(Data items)
···

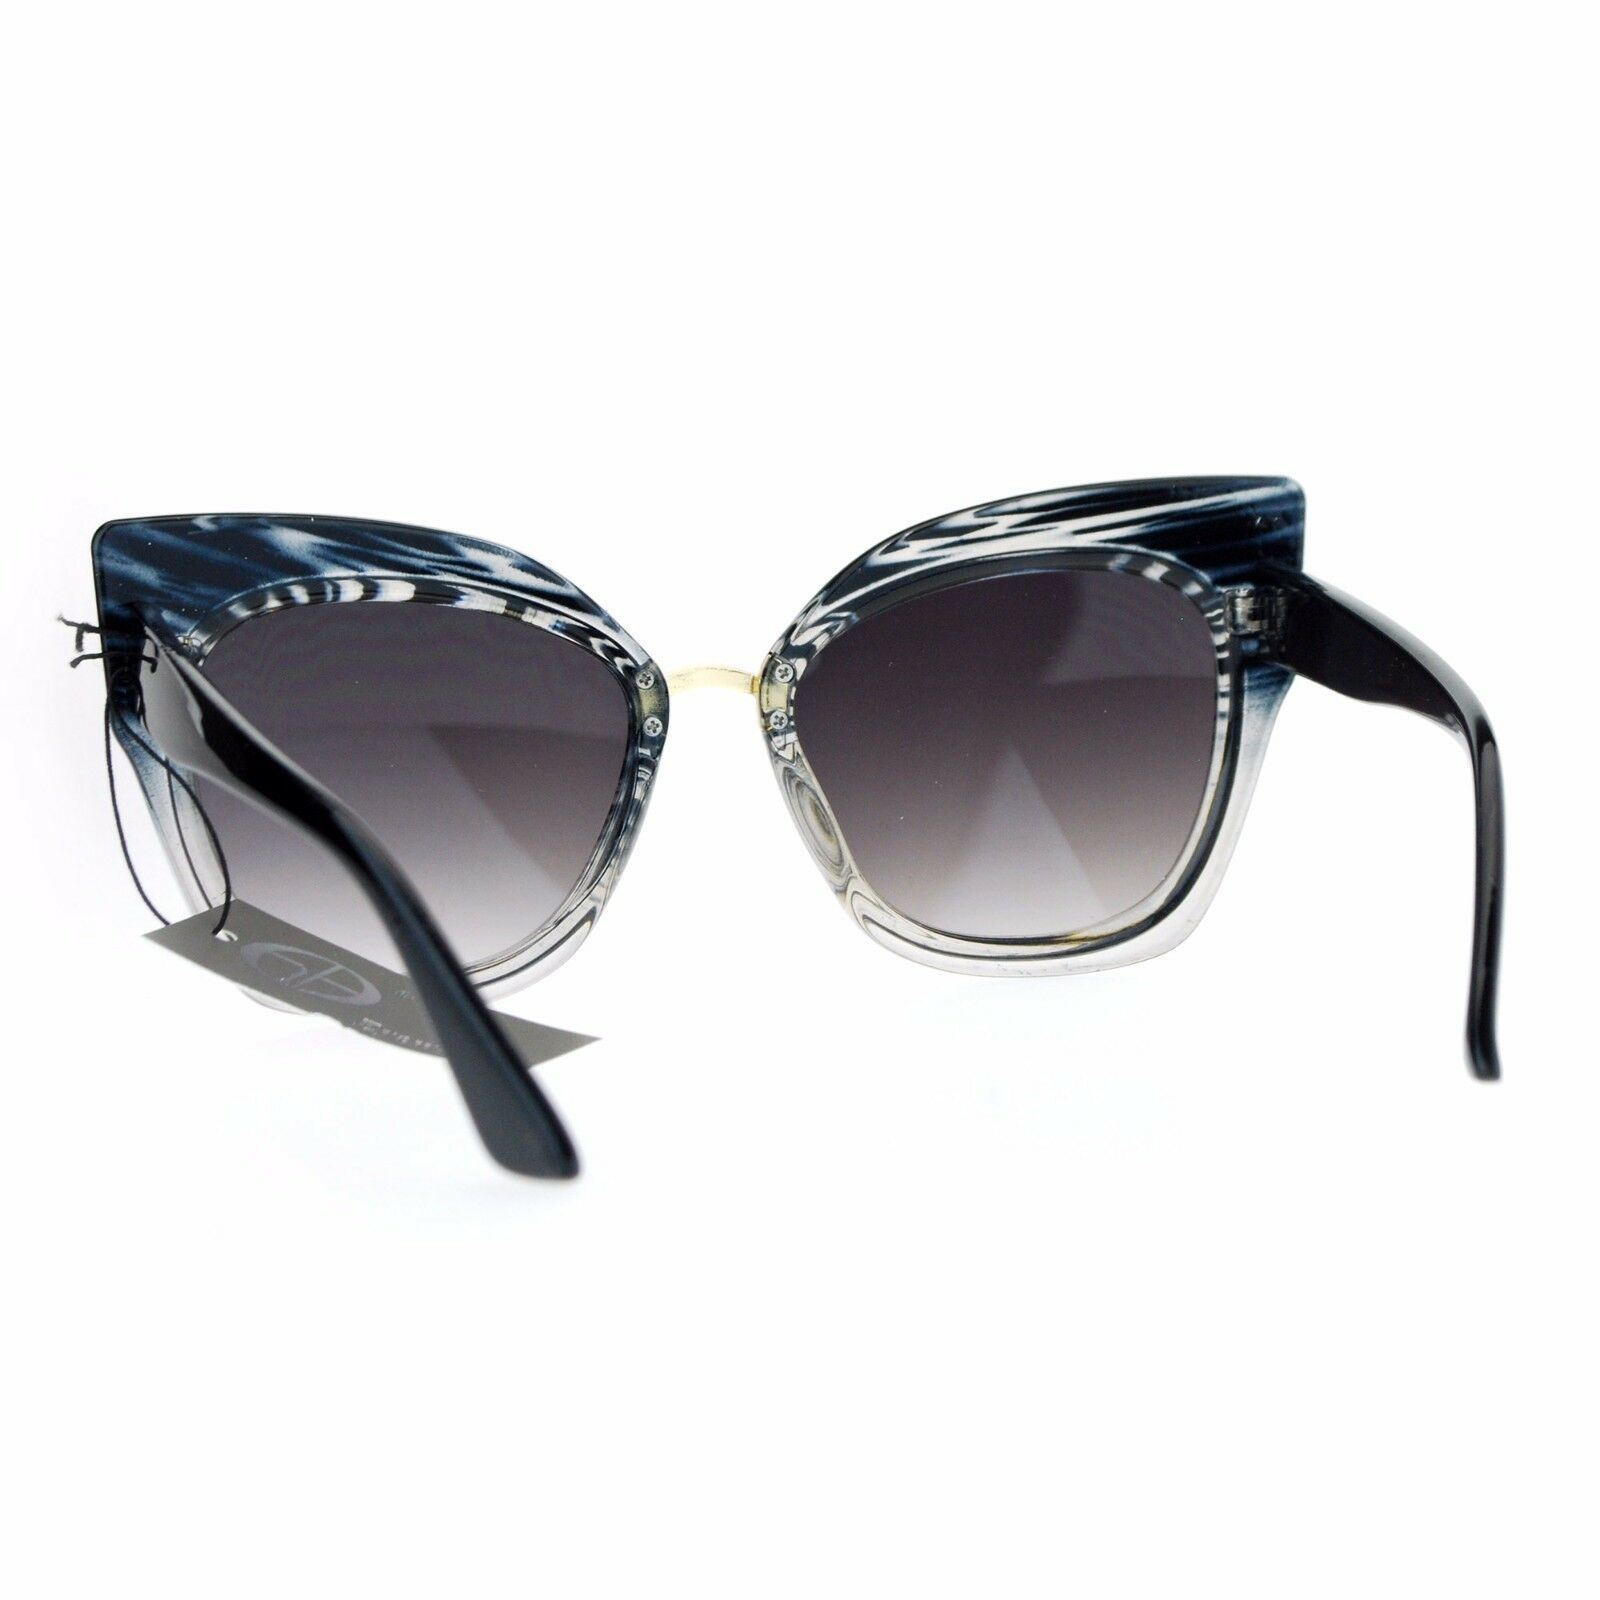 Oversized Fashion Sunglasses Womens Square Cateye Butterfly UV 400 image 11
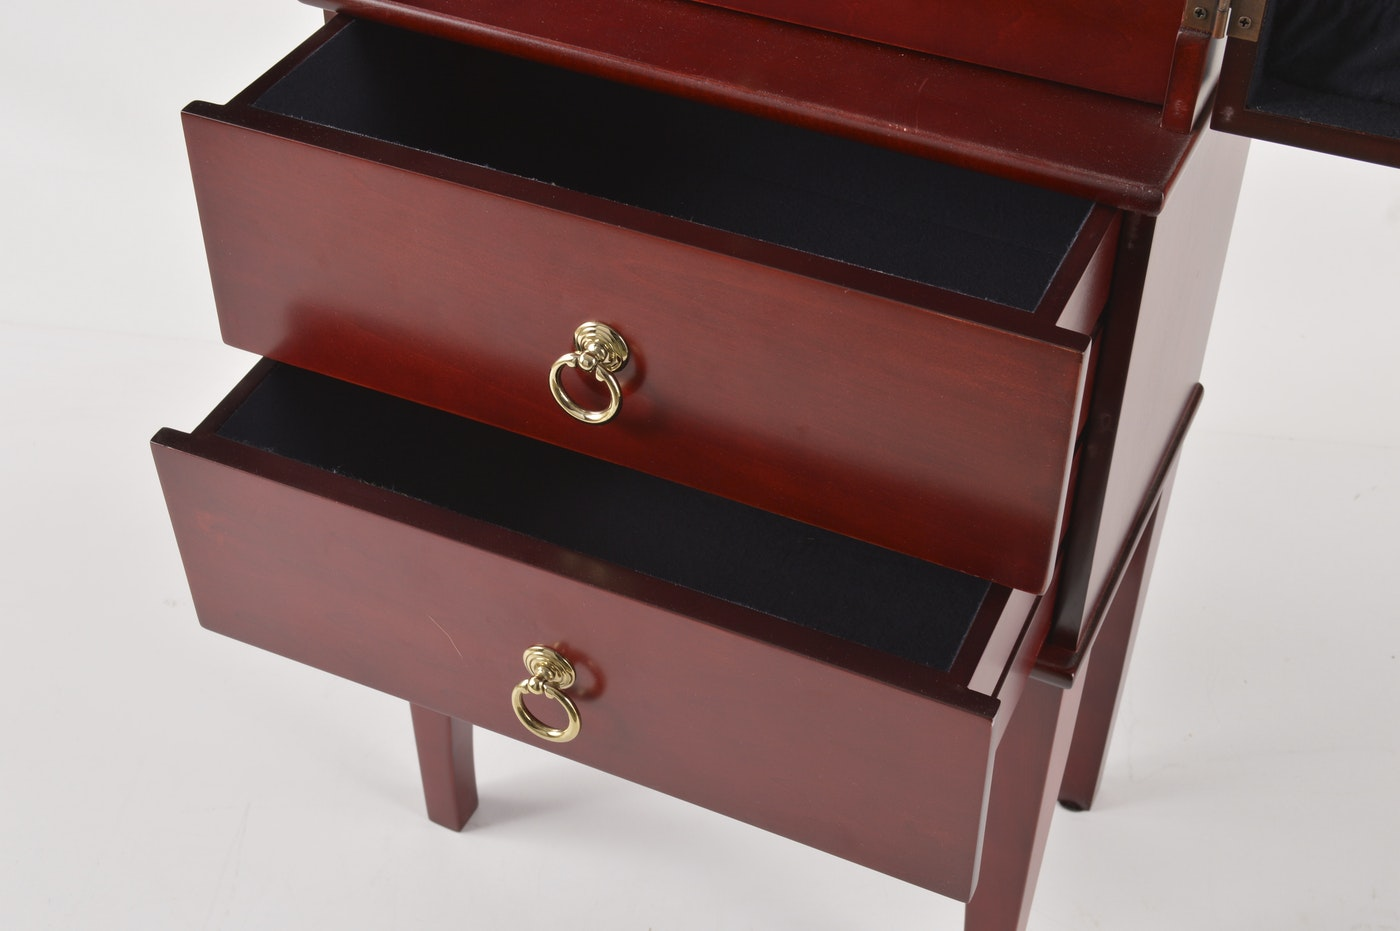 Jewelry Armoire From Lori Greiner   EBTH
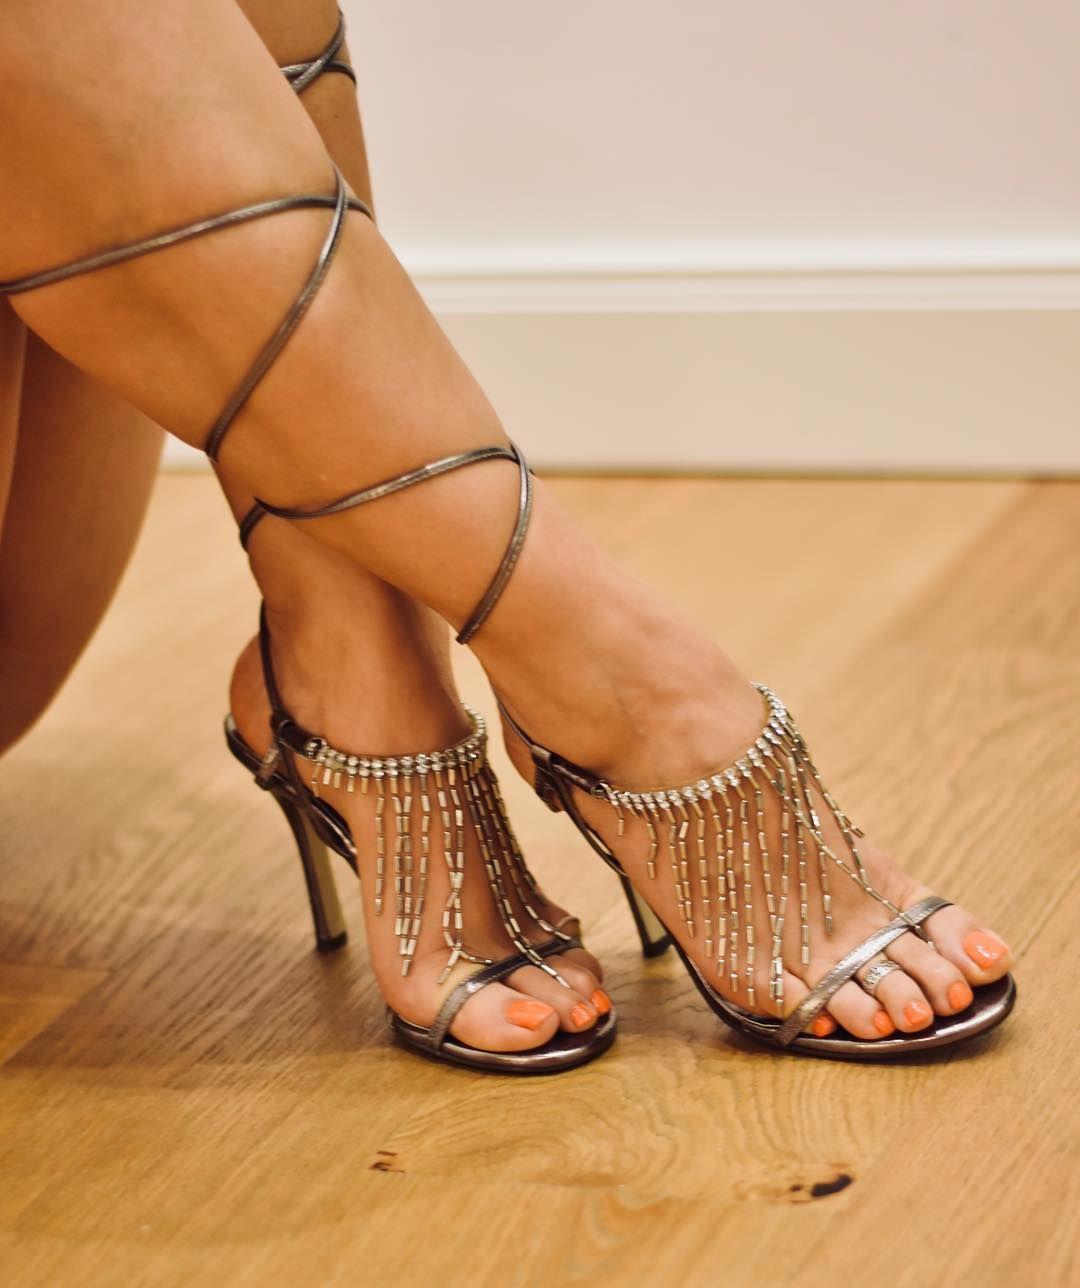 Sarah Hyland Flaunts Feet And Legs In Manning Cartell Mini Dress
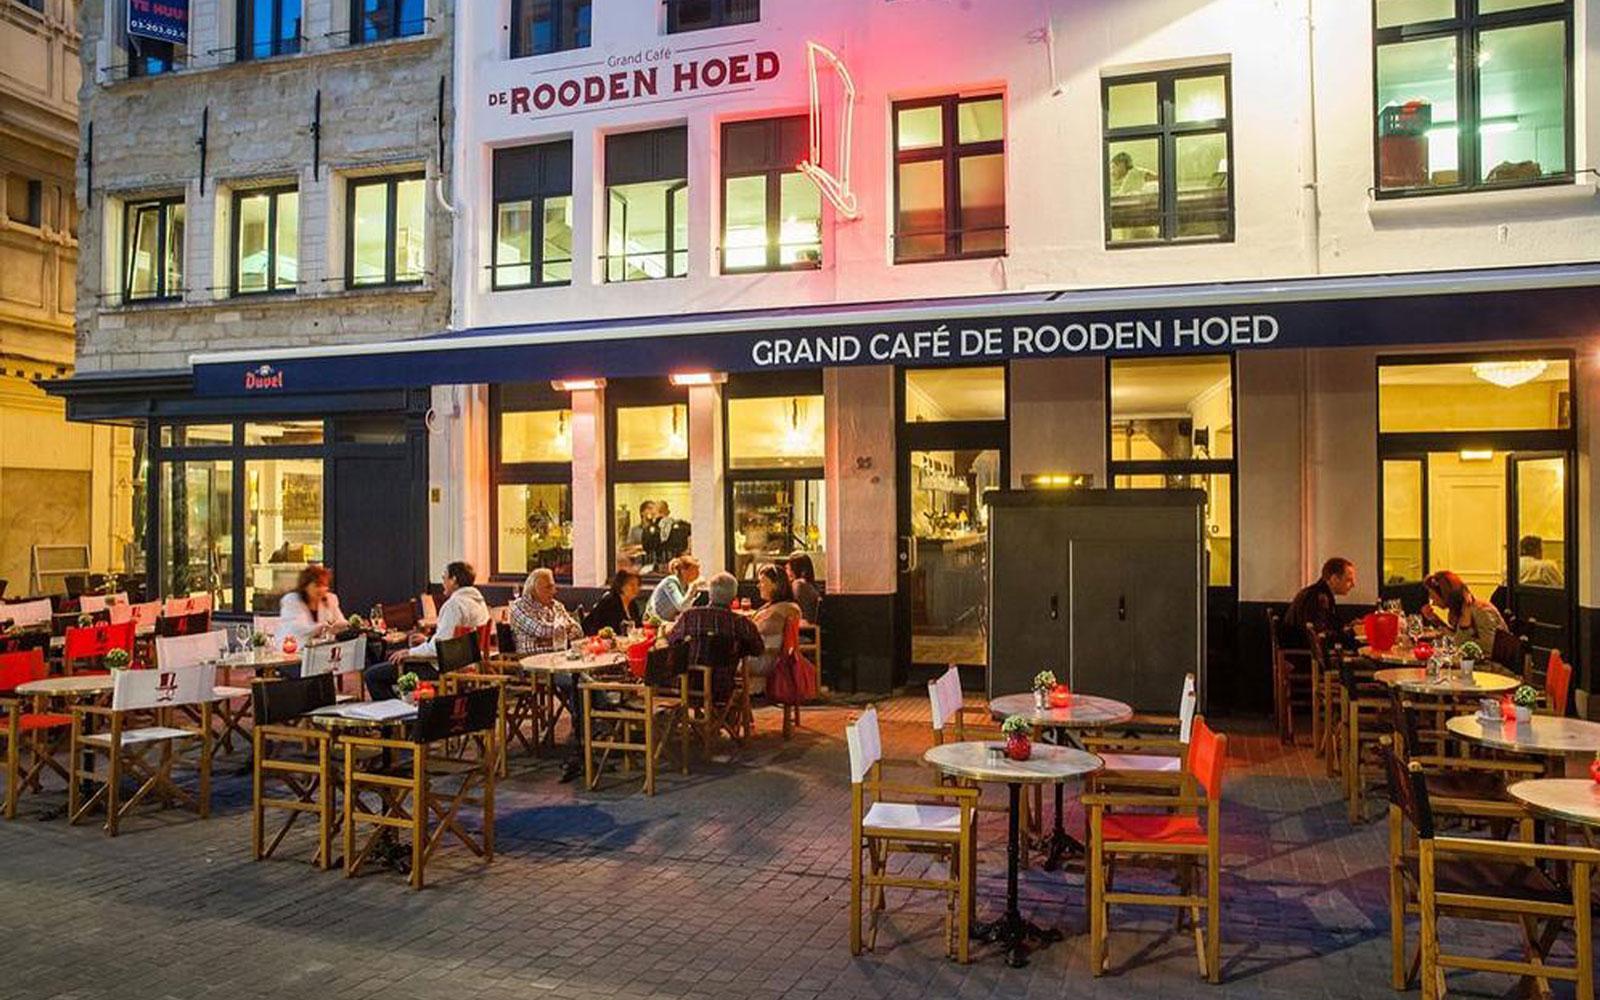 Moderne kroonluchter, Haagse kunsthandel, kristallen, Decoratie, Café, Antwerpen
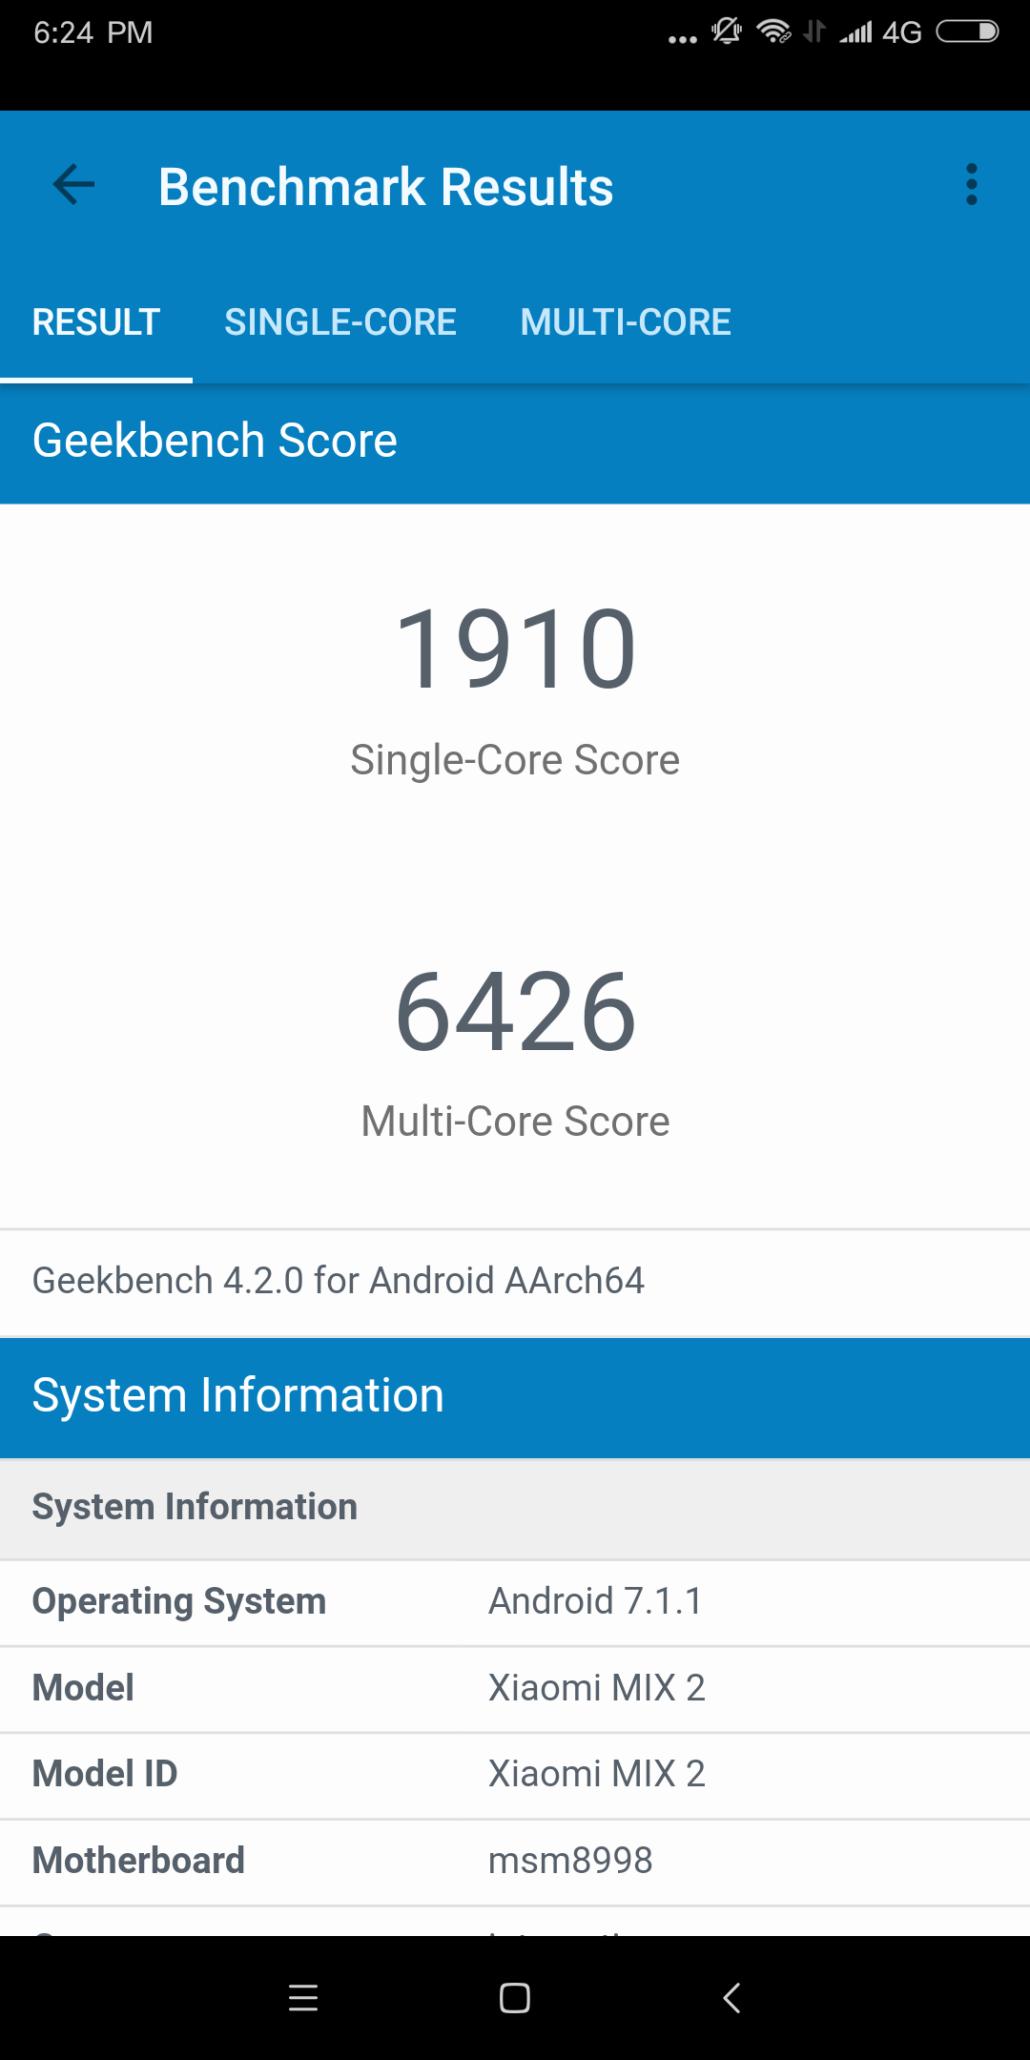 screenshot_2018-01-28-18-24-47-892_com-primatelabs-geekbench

···

▶ Problem description
Excluding the pictures, write out exactly the lines from the line that contains "Sarah Hyland Flaunts" through the end of the records.

▶ Answer
 Sarah Hyland Flaunts Feet And Legs In Manning Cartell Mini Dress
 Moderne kroonluchter, Haagse kunsthandel, kristallen, Decoratie, Café, Antwerpen
 screenshot_2018-01-28-18-24-47-892_com-primatelabs-geekbench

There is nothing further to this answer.